NI-CAN Design Philosophy

The NI-CAN Application Programming Interface (API), like most National Instruments APIs, is largely independent of operating system and programming language. You can use NI-CAN in a wide variety of programming environments, including LabVIEW and C programming environments such as LabWindows®/CVI. Applications written for NI-CAN are also portable across different operating systems, such as Windows 95 and Windows NT.

In addition to being independent of operating system and programming language, NI-CAN is designed to be largely independent of a specific device network protocol. Device network independence means that where possible, terminology specific to CAN alone is avoided so that the API can be expanded later to support higher level protocols based on CAN. Examples of such protocols include DeviceNet, Smart Distributed System (SDS), and CANopen. Device network independence largely applies to terminology such as function names, and in no way limits access to the CAN network. For example, the function provided to read data from a CAN frame is called ncRead, as opposed to a name specific to CAN, such as ncReadCanFrame.

Furthermore, NI-CAN often uses object-oriented terminology and concepts. Object-oriented terminology provides an excellent model for describing device networks in terms that are easy to understand.

In object-oriented terminology, the term class describes a classification of an object, and the term instance refers to a specific instance of that object. The term object is generally used as a synonym for instance. For example, NI-CAN defines a class called the CAN Network Interface Object, which encapsulates any network interface port on a National Instruments CAN hardware product. Specific instances of the CAN Network Interface Object are referenced with names like CAN0 and CAN1. Each instance of a particular class has attributes that define its externally visible qualities, as well as methods that are used to perform actions. For example, each instance of the CAN Network Interface Object has an attribute for the baud rate (bits per second) used for communication, as well as a method used to transmit CAN frames onto the network.

For more information on object-oriented and CAN terminology, refer to the Glossary.

NI-CAN Object Hierarchy

The basic model of the NI-CAN software architecture is a hierarchical collection of objects (instances), each of which has attributes and methods. The hierarchy shows relationships between various objects. In general, a given object in the hierarchy has an "is used to access" relationship with all objects above it in the hierarchy.

As an example, consider a CAN device network in which the network interface of a host computer is physically connected to two devices, a pushbutton and an LED, as shown in Figure 1-3.


The pushbutton device transmits the state of the button in a CAN data frame with standard arbitration ID 13. The frame data consists of a single byte—zero if the button is off, one if the button is on.

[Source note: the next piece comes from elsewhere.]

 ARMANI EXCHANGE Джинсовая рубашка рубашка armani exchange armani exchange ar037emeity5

In order for an NI-CAN application to obtain the current state of the pushbutton, it transmits a CAN remote frame with standard arbitration ID 13. The pushbutton device responds to this remote transmission request by transmitting the button state in its CAN data frame.

The LED device expects to obtain the state of the LED from a CAN data frame with standard arbitration ID 5. It expects the frame data to consist of a single byte -- zero to turn the light off, one to turn the light on.

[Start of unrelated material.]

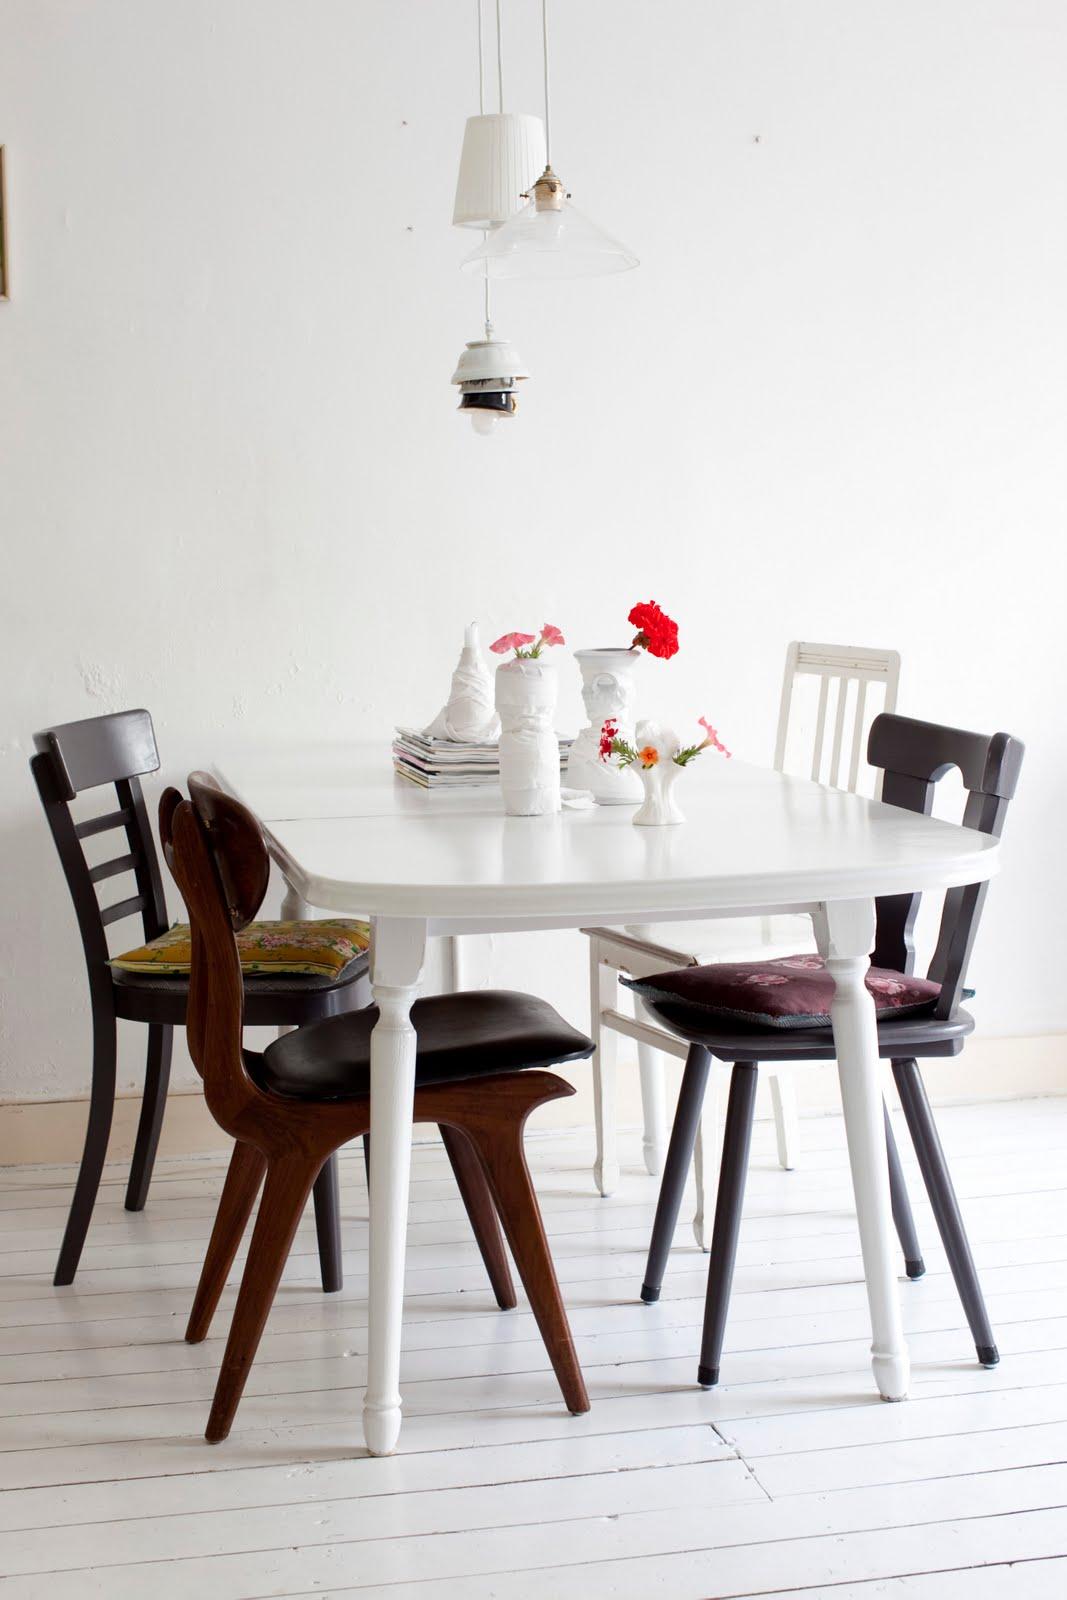 des chaises d�pareill�es dans la salle � manger | une

Figure 1-4 shows how NI-CAN objects encapsulate access to this CAN device network. The ovals in Figure 1-4 indicate NI-CAN objects, and the dotted lines indicate what each object encapsulates.

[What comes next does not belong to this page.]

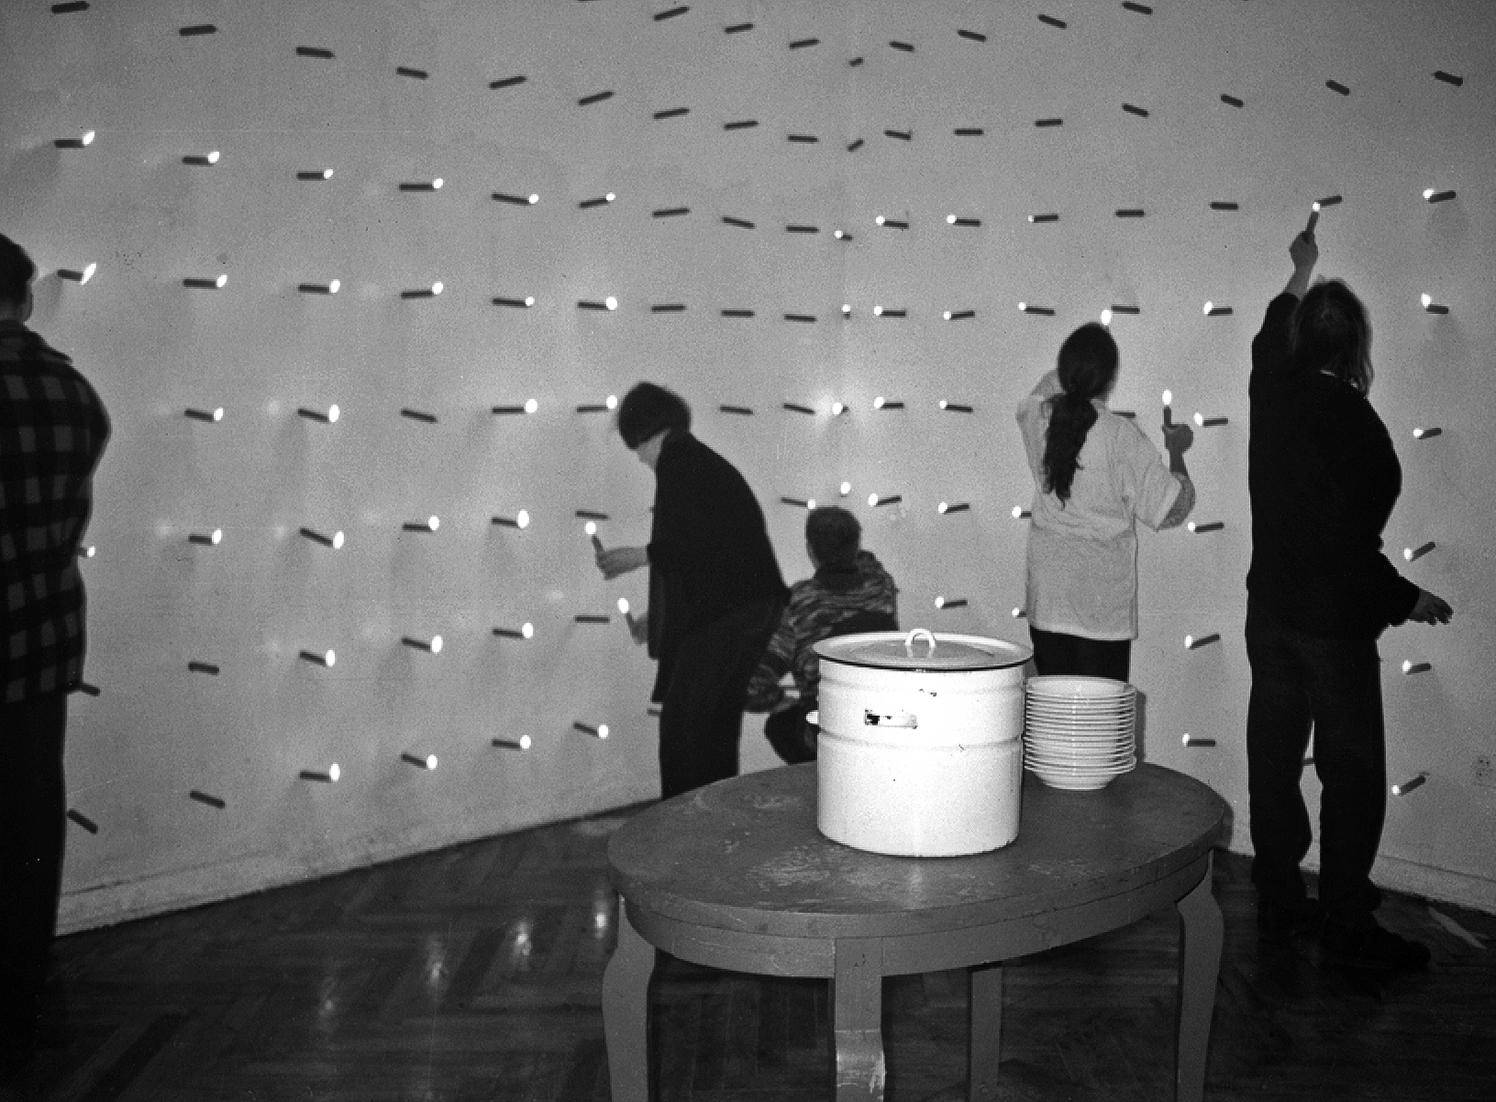 Ryszard Waśko, Posiłek dla biednych ibogatych, 1993

The CAN Network Interface Object encapsulates the entire CAN network interface. Its attributes are used to configure settings that apply to the network interface as a whole. For example, the CAN Network Interface Object contains an attribute you can use to set the baud rate that the network interface hardware uses for communication. You can also use the CAN Network Interface Object to communicate on the CAN device network. For example, you can use the write function to transmit a CAN remote frame to the pushbutton device, then use the read function to retrieve the resulting CAN data frame. Because the CAN Network Interface Object provides direct access to the network interface, the write and read functions require all information about the CAN frame to be specified, including arbitration ID, whether the frame is a CAN data frame or a CAN remote frame, the number of data bytes, and the frame data (assuming a CAN data frame).

The CAN Object encapsulates a specific arbitration ID, along with its data. In addition to providing the ability to transmit and receive frames for a specific arbitration ID, CAN Objects also provide various forms of background access. For example, you can configure a CAN Object for arbitration ID 13 (the pushbutton) to automatically transmit a CAN remote frame every 500 ms, and to store the data of the resulting CAN data frame for later retrieval. After the CAN Object is configured in this manner, you can use the read function to obtain a single data byte that holds the most recent state of the pushbutton.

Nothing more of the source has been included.